3.Find the straight line of the known point and the point you obtained in the second step, this straight line is the tangent you are looking for, the principle of this method actually uses the optical properties of the parabola, that is: through any point on the parabola a, the perpendicular line of the alignment, the perpendicular foot is b, connecting a and the focal point f, then the tangent of a is the bisector of the angle baf.

Use the derivative because the definition of the derivative is the slope of a point.

Set a certain point, first find the derivative of the parabola, and bring the abscissa of the point into the tangent slope, and use the point oblique formula.

High school mathematics, analytic geometry, finding tangent equations for parabolas, and thinking from a different perspective.

If you have learned to derive, it is simple.
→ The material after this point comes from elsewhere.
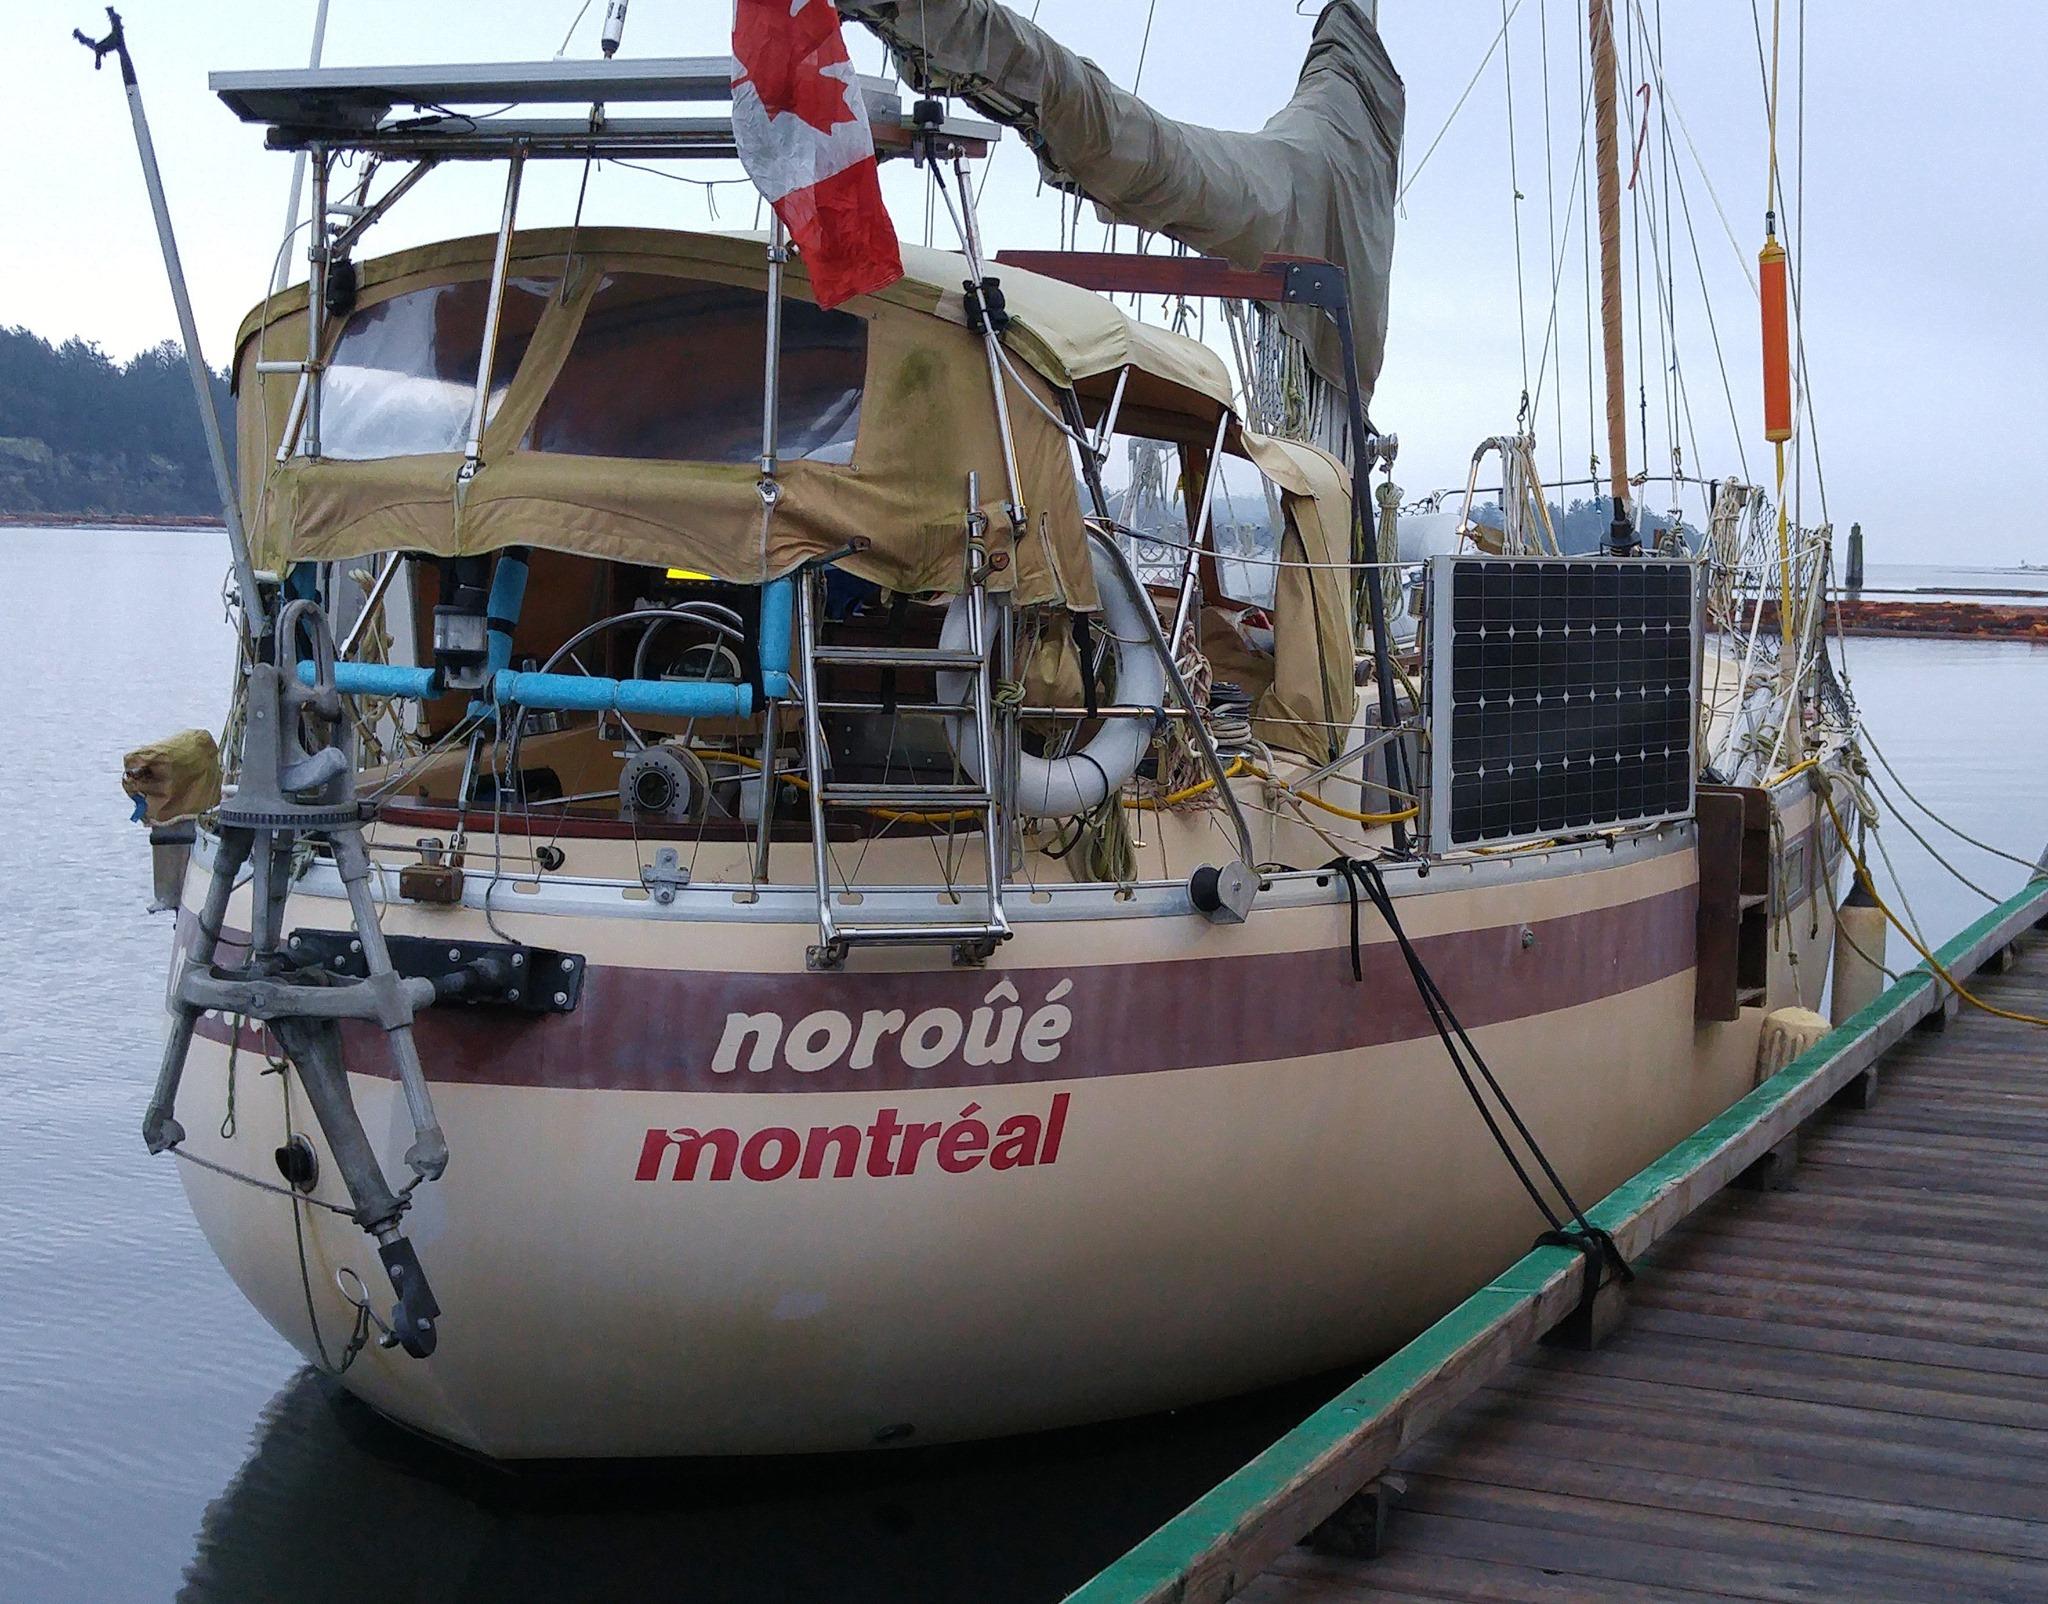 105 - Noroue - alongside

For example, y=ax +bx+c,y'=2ax+b

The tangent of the crossing point (p,q) is y=(2ap+b)(x-p)+qIf you have not learned to find the derivative, then let the tangent of the crossing point (p,q) be y=k(x-p)+q and substitute it into the parabolic equation to obtain the one-dimensional quadratic equation about x, so that the discriminant formula =0, and kThat is, the tangent is obtained.